DATA FOR ANALYSIS:
-*-*-
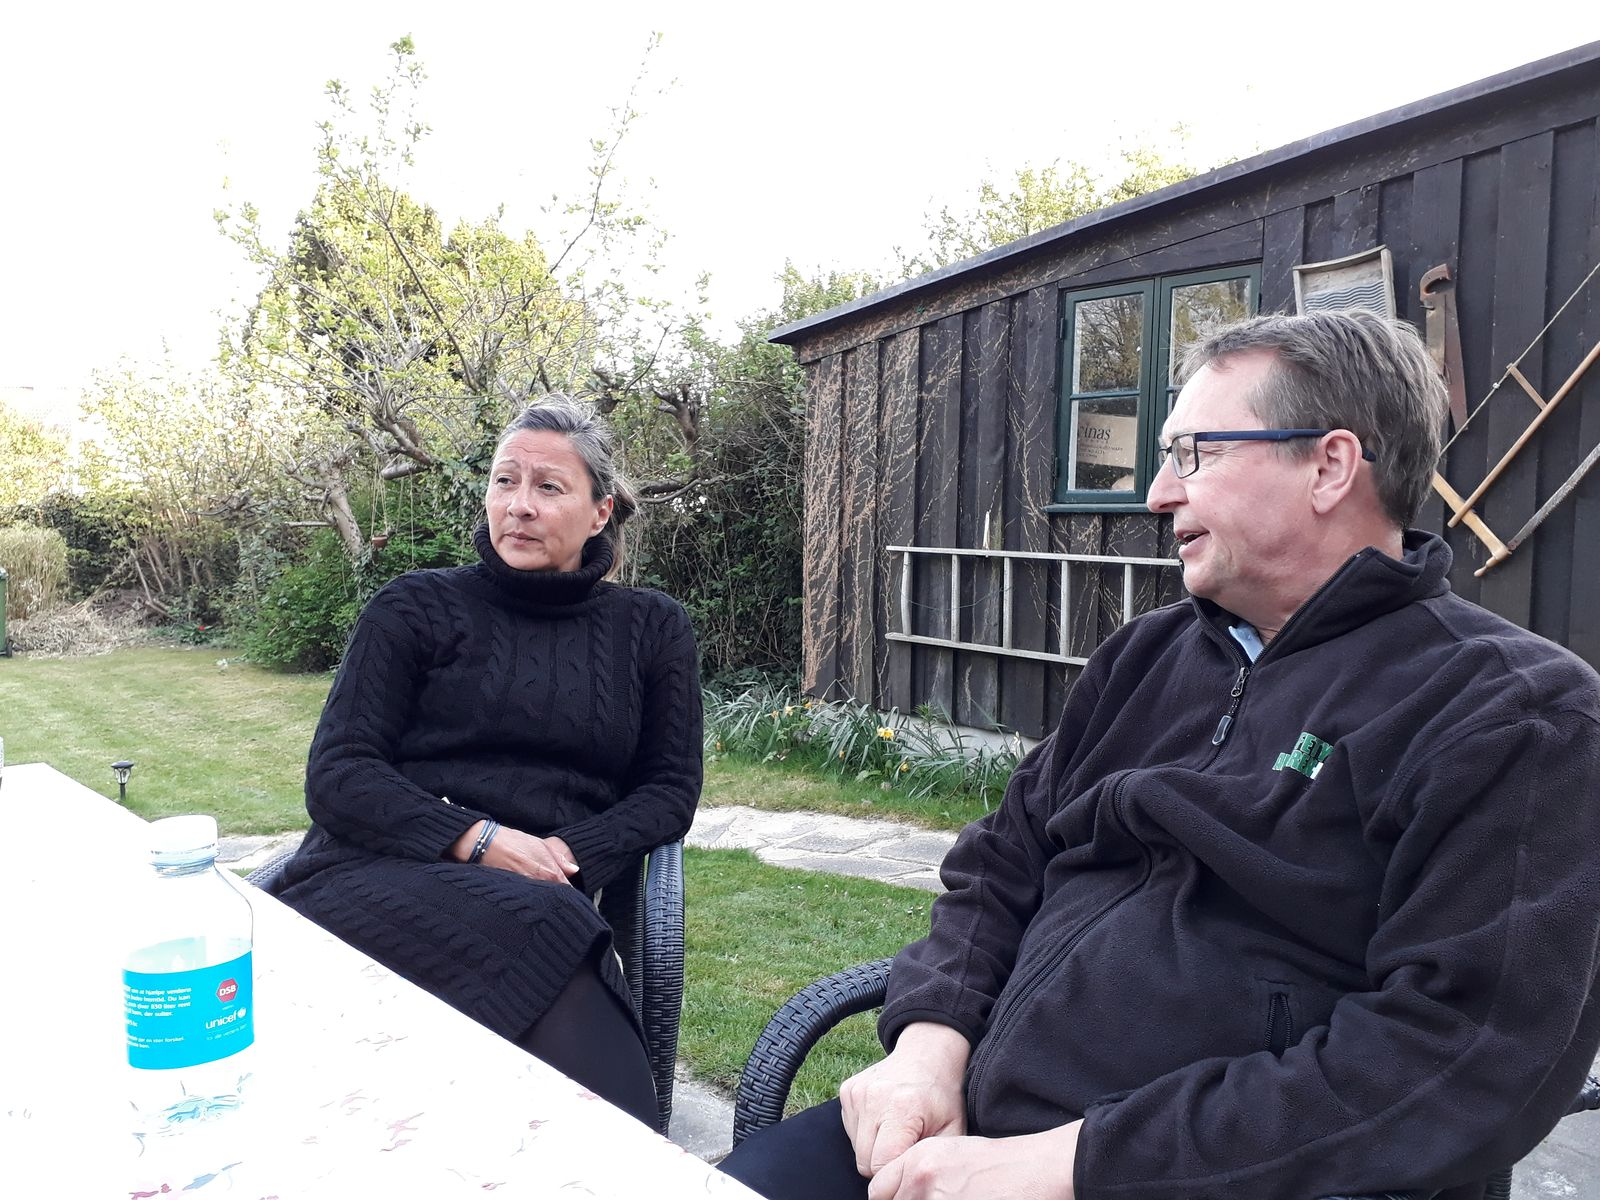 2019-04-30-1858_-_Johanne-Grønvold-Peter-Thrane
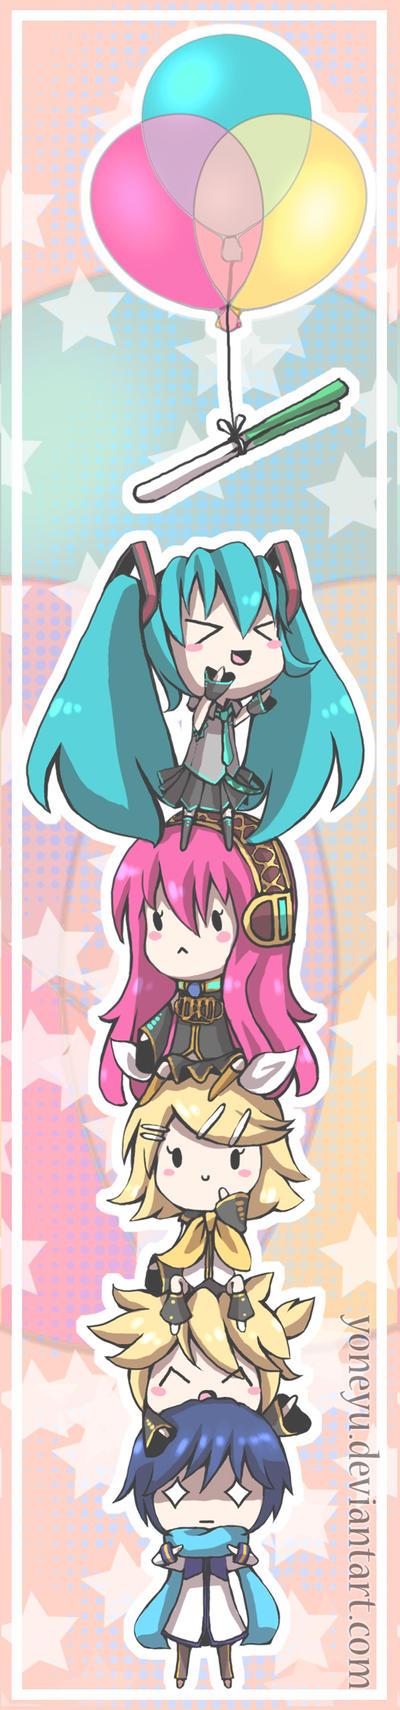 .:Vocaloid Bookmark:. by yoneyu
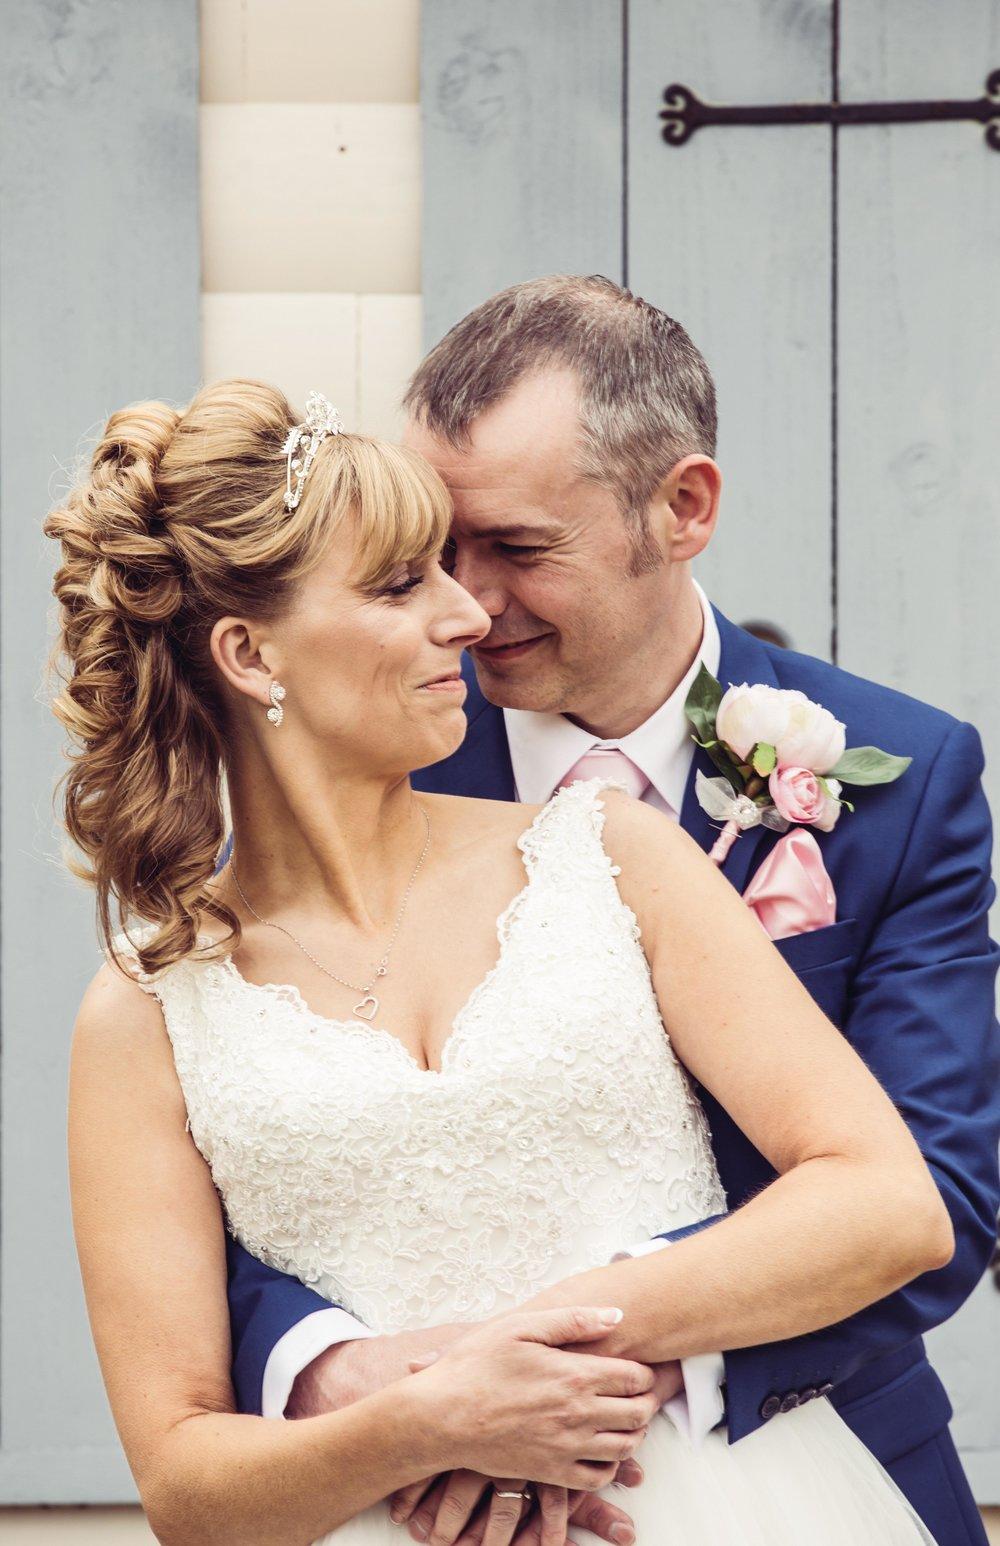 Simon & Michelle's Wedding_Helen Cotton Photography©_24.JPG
-*-*-
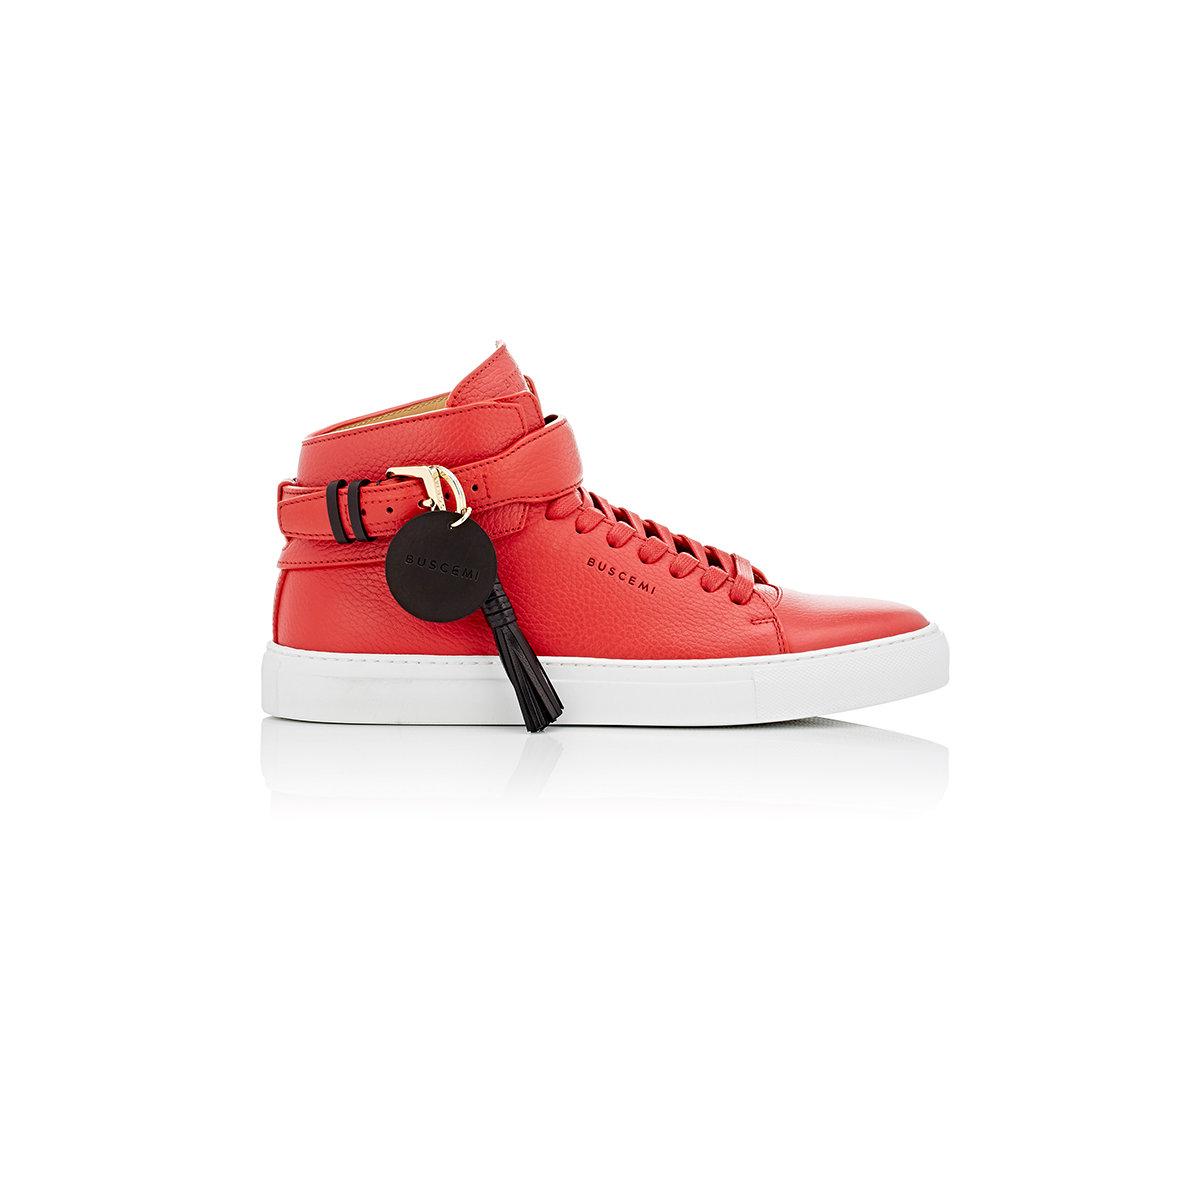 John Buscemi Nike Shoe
-*-*-
Above, find the line holding "2019-04-30-185" and the line holding "Simon & Michelle's". Print exactly those two lines and every line between them, but no pictures.

 2019-04-30-1858_-_Johanne-Grønvold-Peter-Thrane
 .:Vocaloid Bookmark:. by yoneyu
 Simon & Michelle's Wedding_Helen Cotton Photography©_24.JPG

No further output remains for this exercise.